Evaluation of ITS PCR and RFLP for Differentiation and Identification of Brewing Yeast and Brewery ‘Wild’ Yeast Contaminants

ABSTRACT A reference library of ITS PCR/RFLP profiles was collated and augmented to evaluate its potential for routine identification of domestic brewing yeast and known ‘wild’ yeast contaminants associated with wort, beer and brewing processes. This library contains information on band sizes generated by restriction digestion of the ribosomal RNA‐encoding DNA (rDNA) internal transcribed spacer (ITS) region consisting of the 5.8 rRNA gene and two flanking regions (ITS1 and ITS2) with the endonucleases CfoI, HaeIII, HinfI and includes strains from 39 non‐Saccharomyces yeast species as well as for brewing and non‐brewing strains of Saccharomyces. The efficacy of the technique was assessed by isolation of 59 wild yeasts from industrial fermentation vessels and conditioning tanks and by matching their ITS amplicon sizes and RFLP profiles with those of the constructed library. Five separate, non‐introduced yeast taxa were putatively identified. These included Pichia species, which were associated with conditioning tanks and Saccharomyces species isolated from fermentation vessels. Strains of the lager yeast S. pastorianus could be reliably identified as belonging to either the Saaz or Frohberg hybrid group by restriction digestion of the ITS amplicon with the enzyme HaeIII. Frohberg group strains could be further sub‐grouped depending on restriction profiles generated with HinfI.
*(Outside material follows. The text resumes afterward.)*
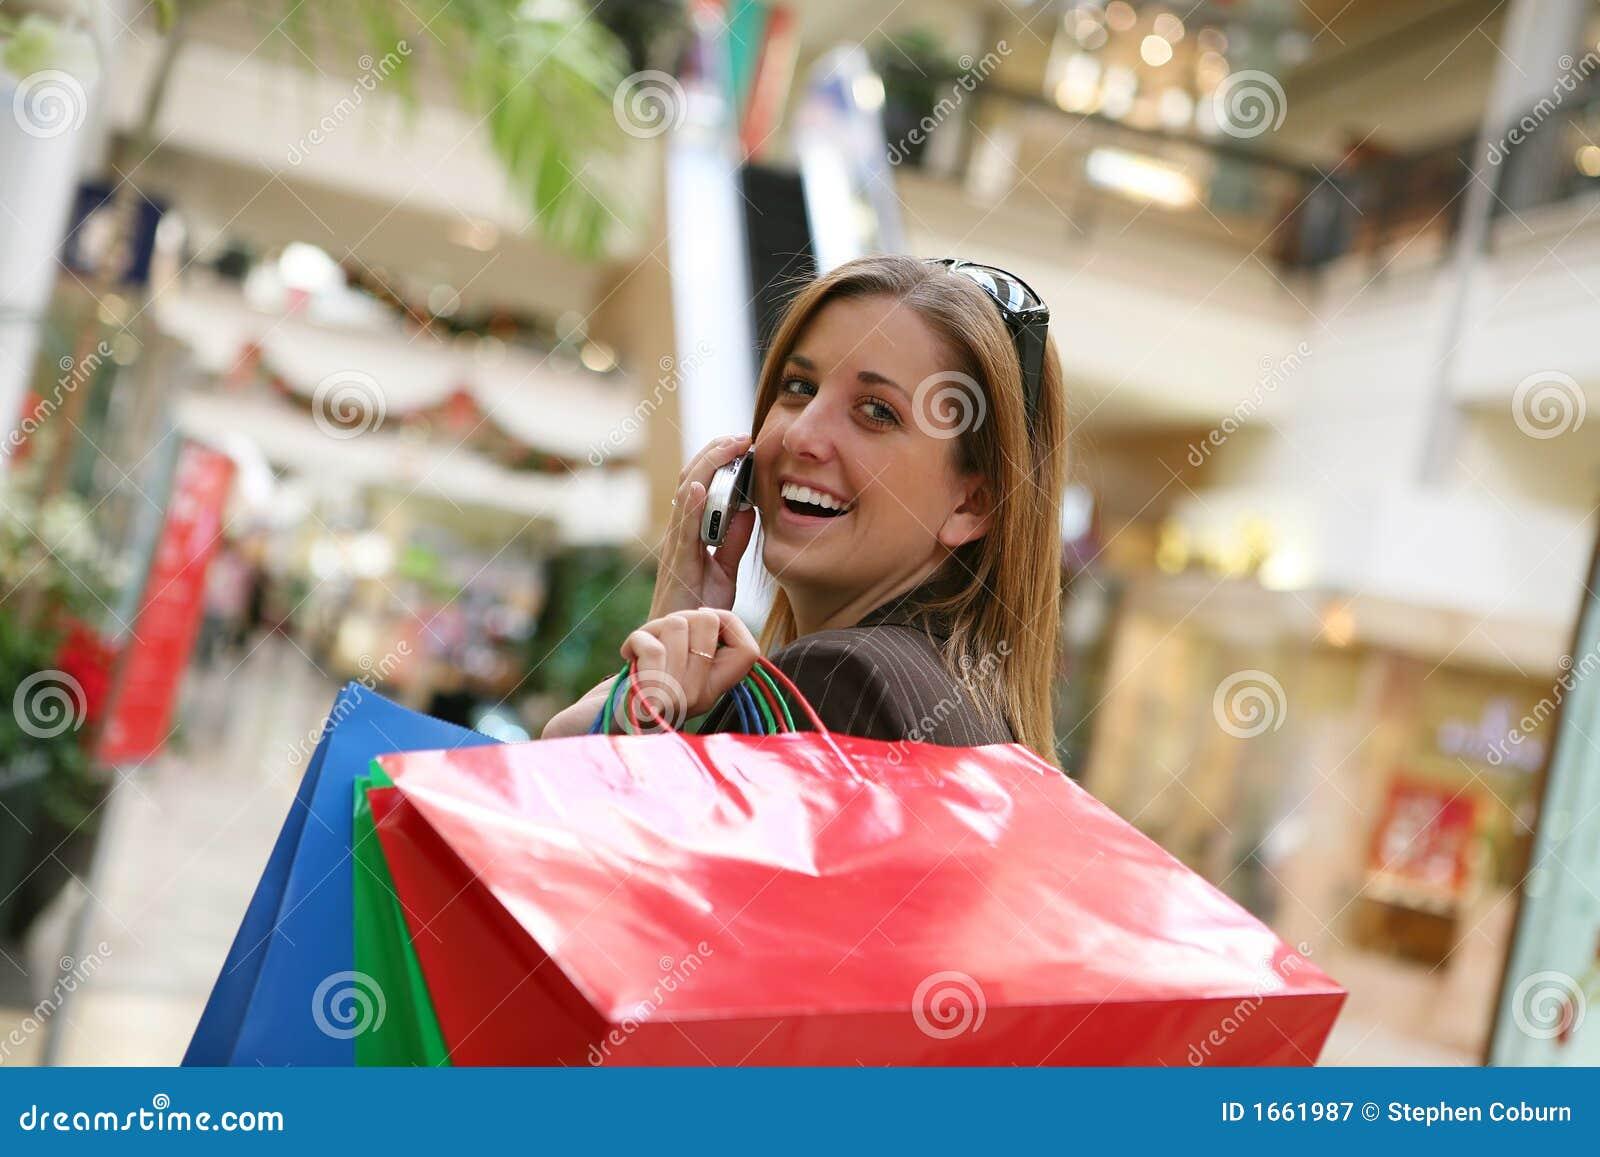 Frauen-Einkaufen stockbild. Bild von farbe, weihnachten

Amino Acid Uptake and Yeast Gene Transcription During Industrial Brewery Fermentation

Amino acid utilization by yeast during brewers wort fermentation influences both the fermentation performance and flavor profile of the finished product. To better understand the relationship between the yeast cell and wort amino acid composition, oligonucleotide microarrays were employed to measure the changes in transcription of genes associated with amino acid uptake and utilization during industrial-scale fermentation. Amino acid permeases with narrow specificity for amino acids had the lowest transcription values at the beginning of fermentation (when amino acids were replete), suggesting nitrogen catabolite repression, whereas relatively high transcription at the beginning of fermentation was confined to genes encoding permeases with broad substrate specificity. Nine genes involved in amino acid catabolism demonstrated significant changes in transcription, with most having the highest activity at 60 hr. Exceptions were PUT1, encoding proline oxidase, and CHA1, encoding L-serine deaminase, both with peak transcription at the beginning of fermentation. The only gene demonstrating increased activity in the final stages of fermentation was the threonine aldolase-encoding gene GLY1—a result that could explain the atypical low uptake of threonine. The majority of genes involved in amino acid biosynthesis had maximal expression at low amino acid concentrations, with notable exceptions being genes involved in central nitrogen metabolism and synthesis of glutamine (GLN1 and LYS9) and glutamate (GDH1)—a result that was consistent with the early depletion of glutamine from the wort and supported by the fact that these genes are regulated by nitrogen catabolite response-related transcription factors.

Does Generation Number Matter? The Impact of Repitching on Wort Utilization

Serial repitching is an accepted practice in brewing. The number of completed fermentations (generation number) is the metric applied to brewing yeast fitness for fermentation. Despite this, fermentations that use freshly propagated (generation 0) yeast are deemed to be inefficient when compared to yeast that has been repitched one or more times. The aim of this study was to investigate the impact of yeast generation number (equating to the number of fermentations completed) on wort utilization and fermentation progression. Wort composition and pH downshift were used to assess “fitness to ferment” of yeast generations within laboratory scale fermentations. Differences in pH, FAN, and amino acid assimilation were observed.